Deepening of the inclined hole may resolve the disparity in the two models regarding the width of the subseafloor diatreme structure underneath Surtsey, and possibly intersect the outer wall of the diatreme if it is sufficiently narrow. Analyses of core from the inclined hole should also provide information about how the onset of fragmentation, submarine transport of tephra, and deposition in the submarine environment differs from what is represented in subaerial deposits.

The extent to which Surtsey’s activity was predominantly phreatomagmatic, versus the degree to which it involved substantial volatile-driven magmatic explosivity has important implications for predicting potential hazards to air traffic from future Surtseyan-type eruptions. These processes can be clarified with rigorous analysis of deposits combined with experiments using remelted material from the island.
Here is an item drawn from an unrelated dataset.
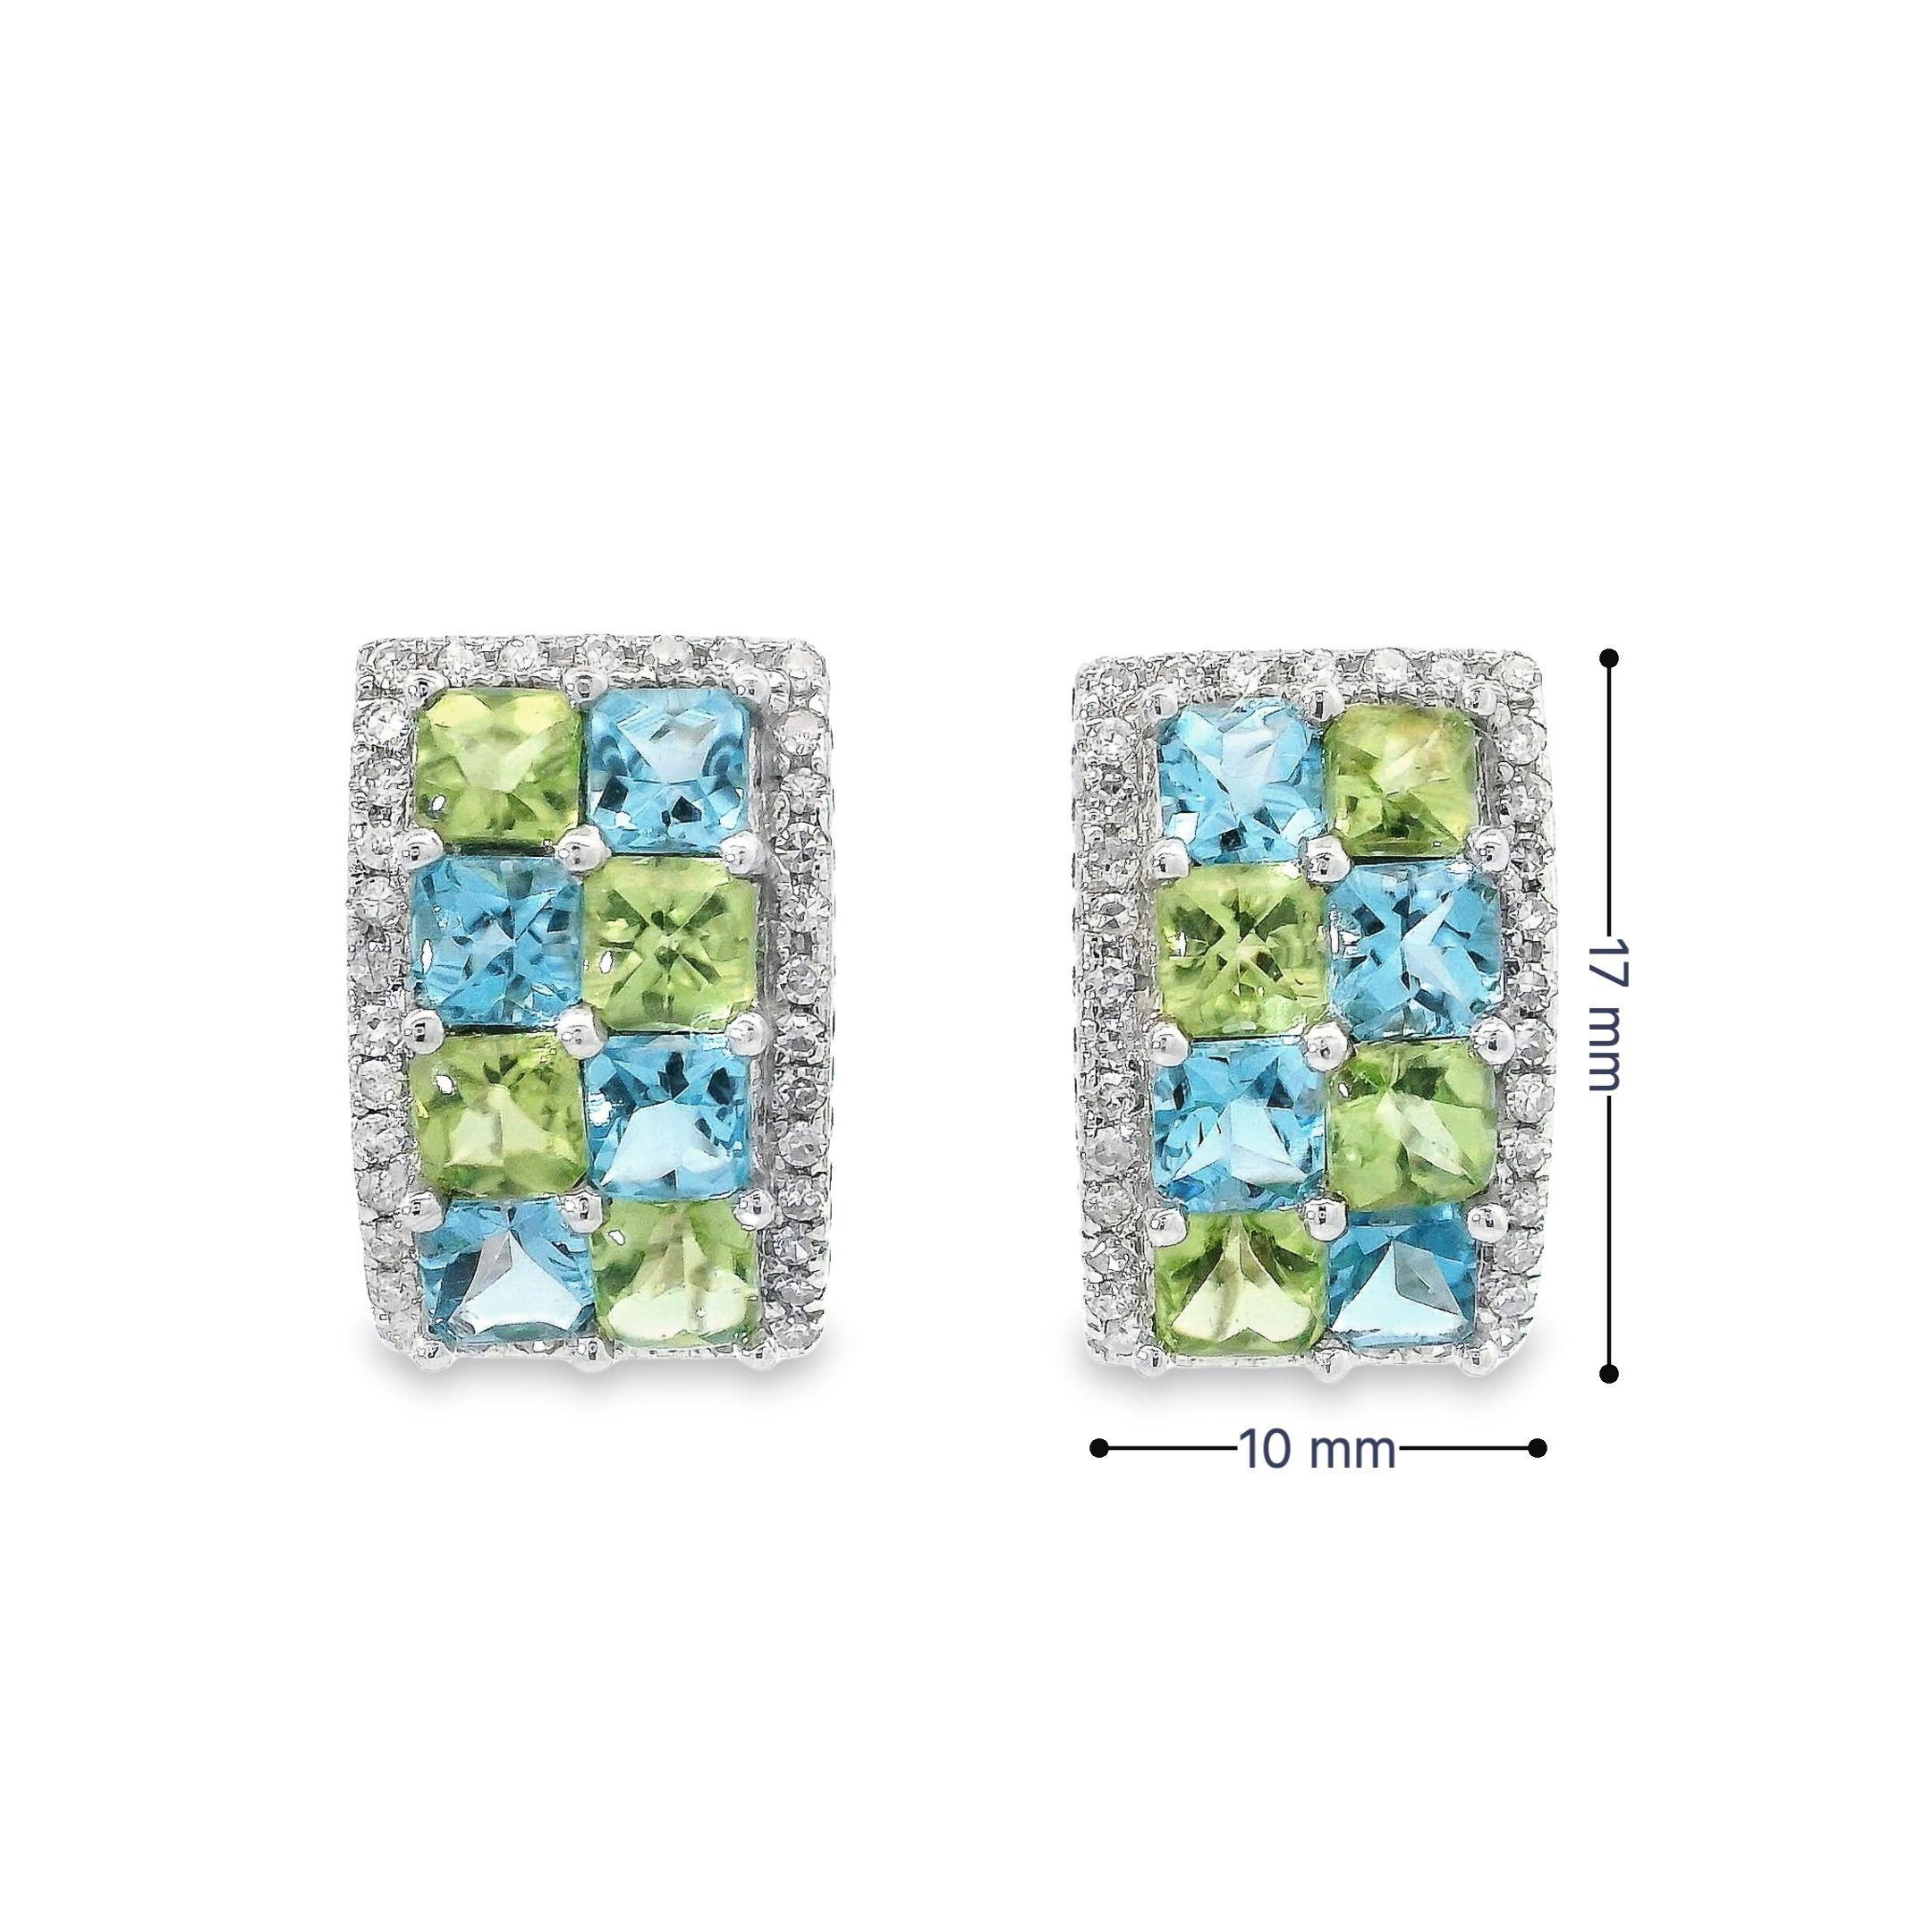 Cabochon Mosaic Peridot and Blue Topaz Ring and Earrings in 18K White Gold with Diamonds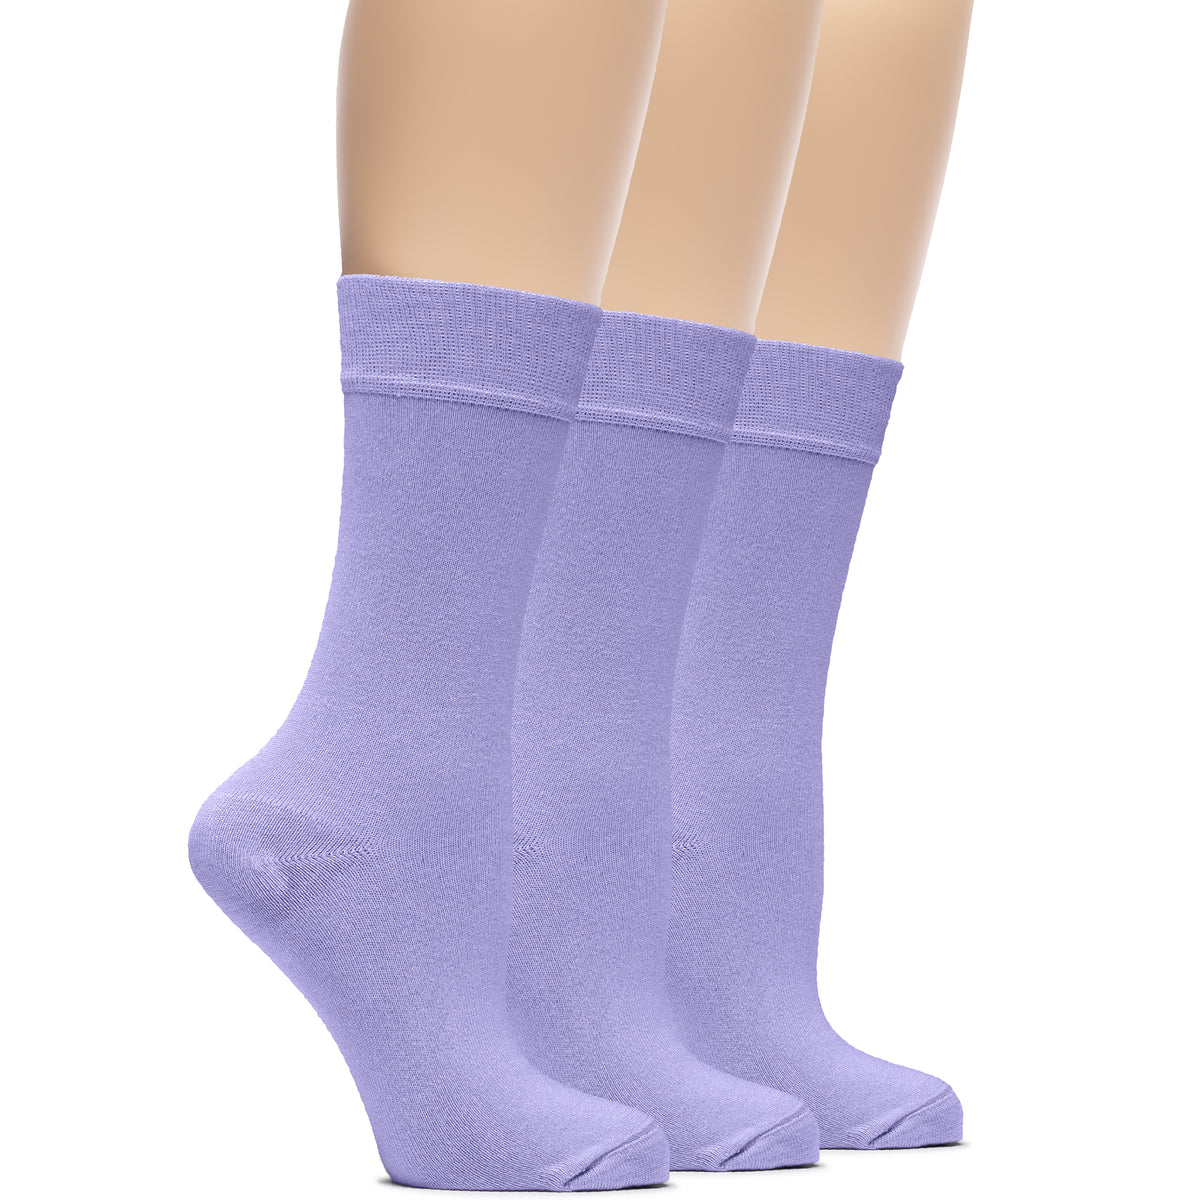 A mannequin displays three Women's Bamboo Crew Socks in purple, perfect for eco-conscious fashionistas.

The unique and distinguishing feature of the drilling program is to apply volcanological, geochemical, mineralogical, microbiological and geoarchaeological perspectives to create a new diagenetic and biogenetic paradigm for pyroclastic rock concretes with cation-exchange properties and long term societal benefits for human and earth ecology.  Drilling is expected to take place in the summer of 2017.

Related Publications

Jakobsson, S., and Moore, J. G. (1986) Hydrothermal minerals and alteration rates at Surtsey volcano, Iceland. GSA Bulletin, 97, 648–659.